DATA below:
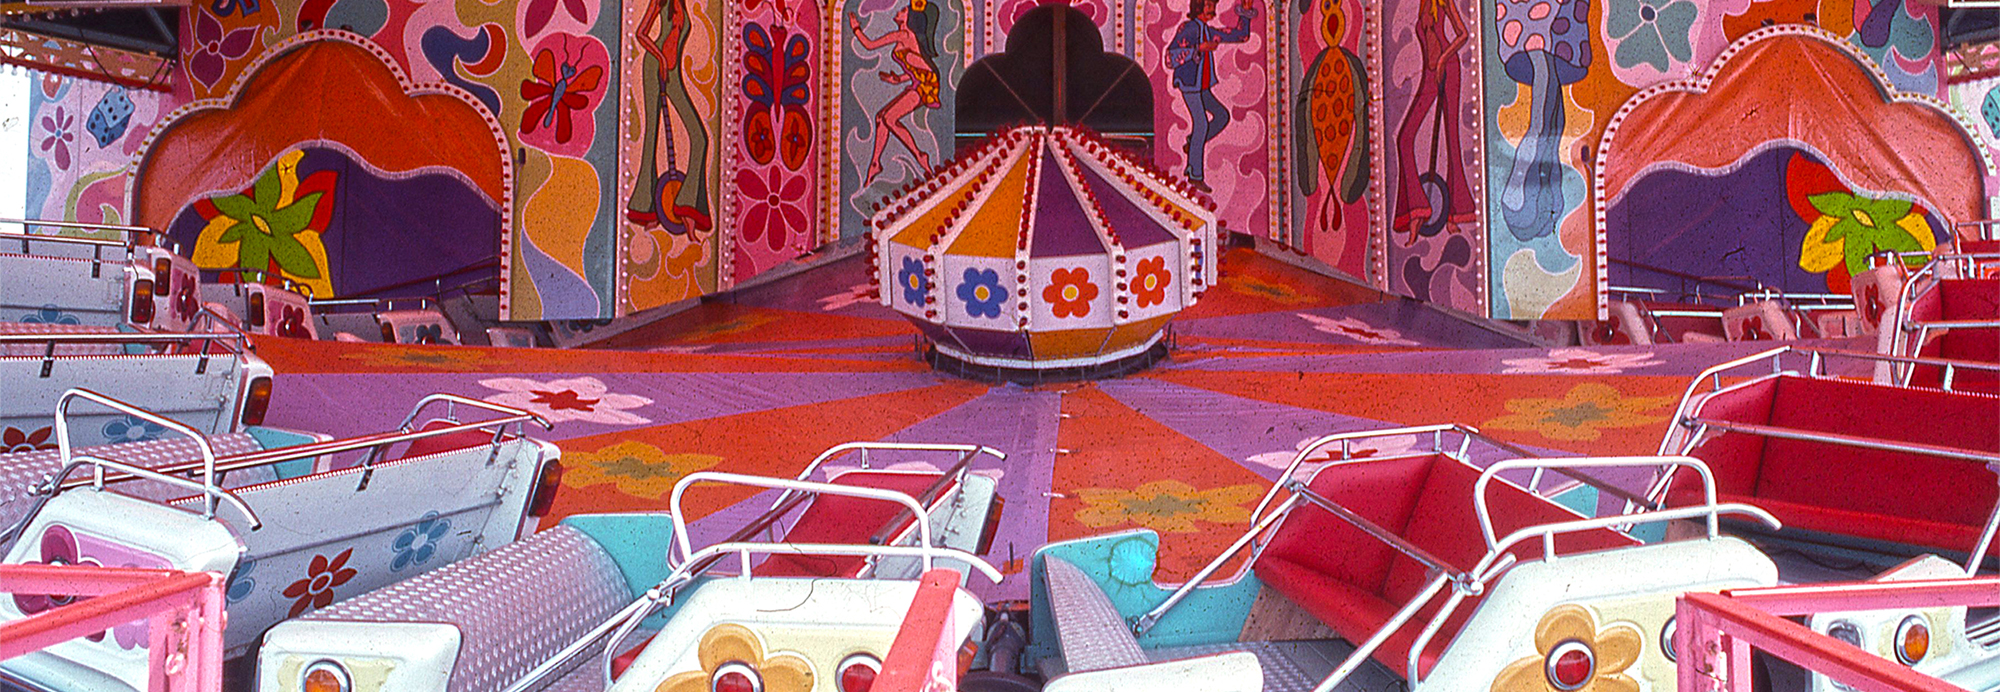 jolly roger amusement park ticket booth
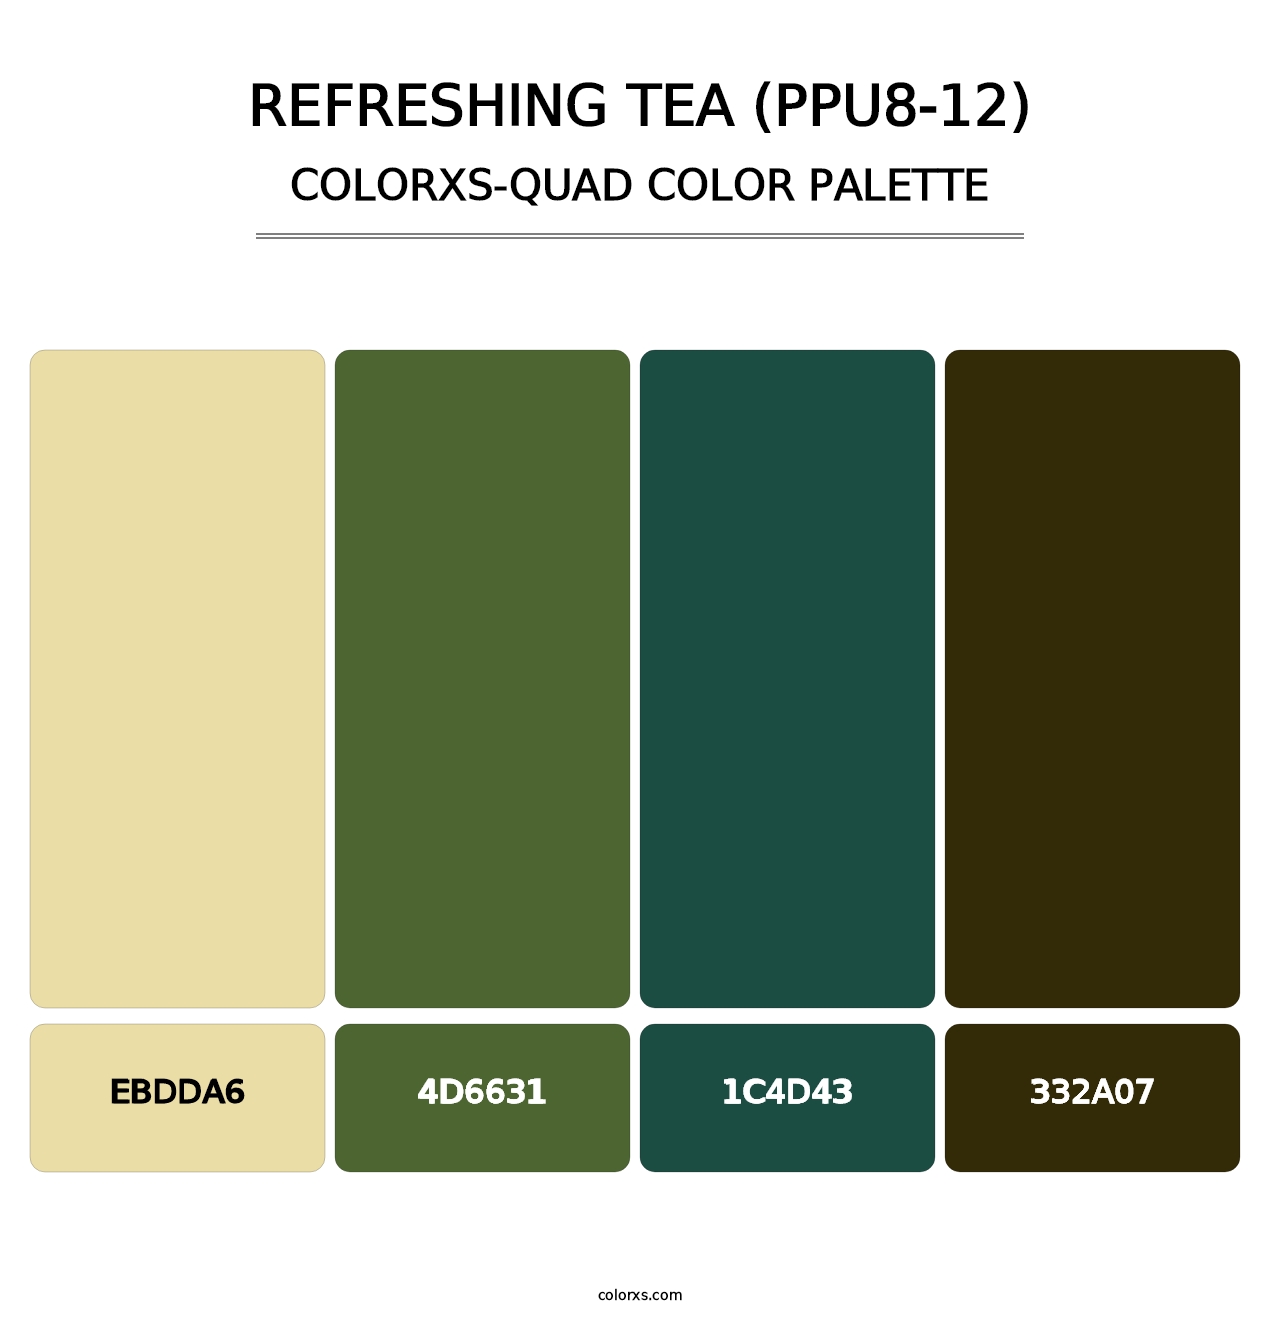 Refreshing Tea (PPU8-12) - Colorxs Quad Palette
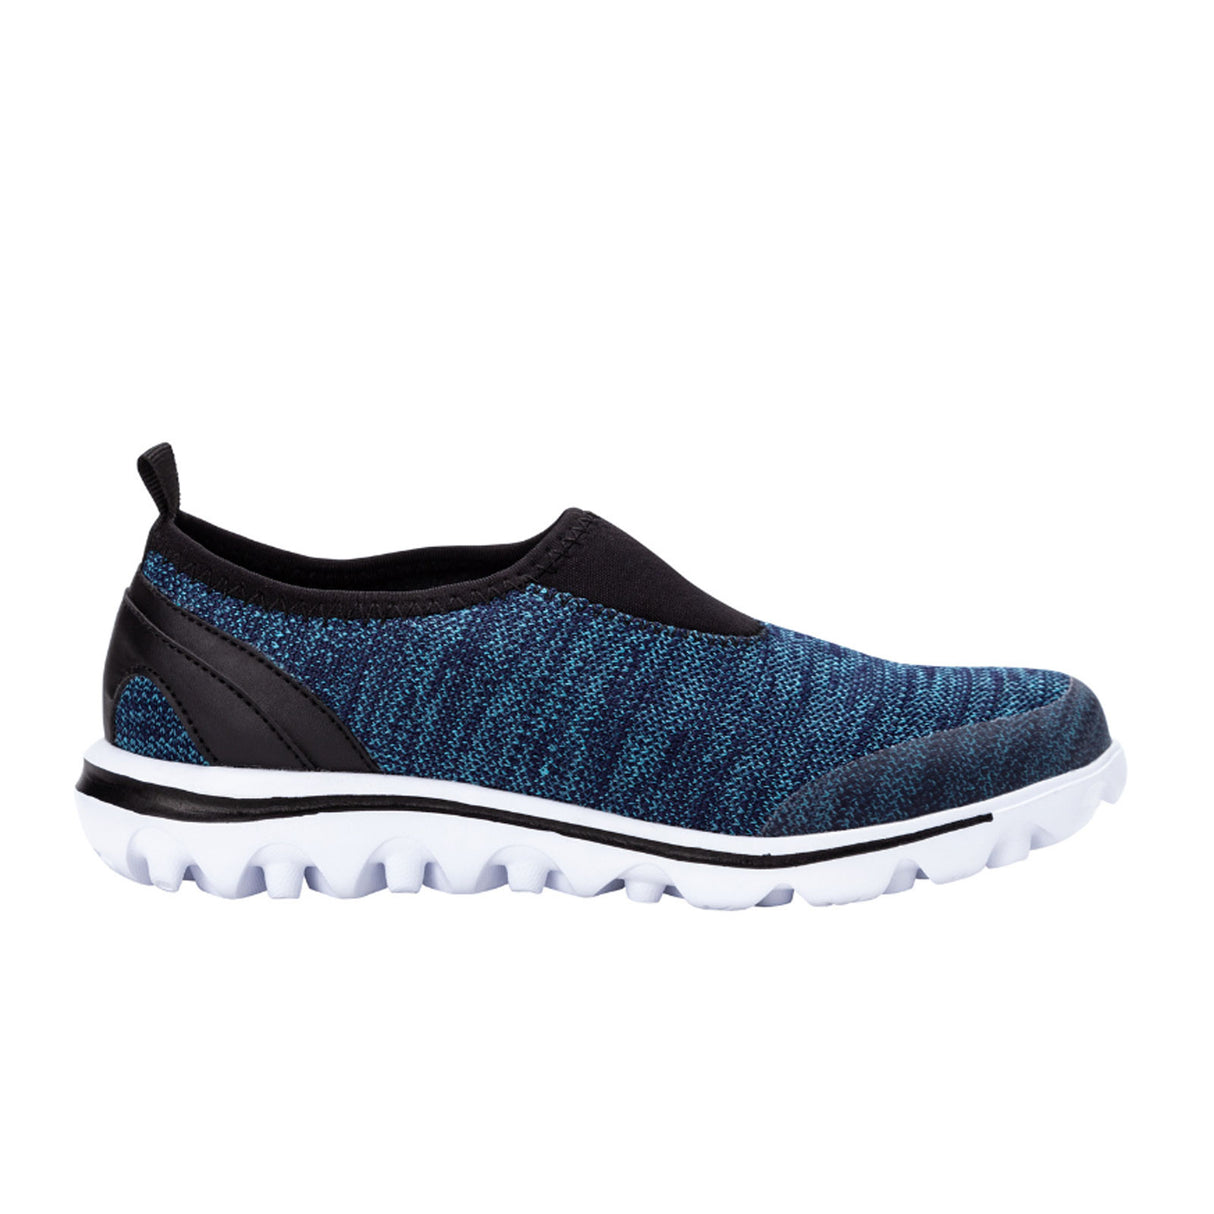 Propet TravelActiv Slip On Sneaker (Women) - Blue Heather Dress-Casual - Slip Ons - The Heel Shoe Fitters
End of DATA.
Without the pictures, repeat every line of the material above exactly.

- EXERCISE SOLUTION
 jolly roger amusement park ticket booth
 Refreshing Tea (PPU8-12) - Colorxs Quad Palette
 Propet TravelActiv Slip On Sneaker (Women) - Blue Heather Dress-Casual - Slip Ons - The Heel Shoe Fitters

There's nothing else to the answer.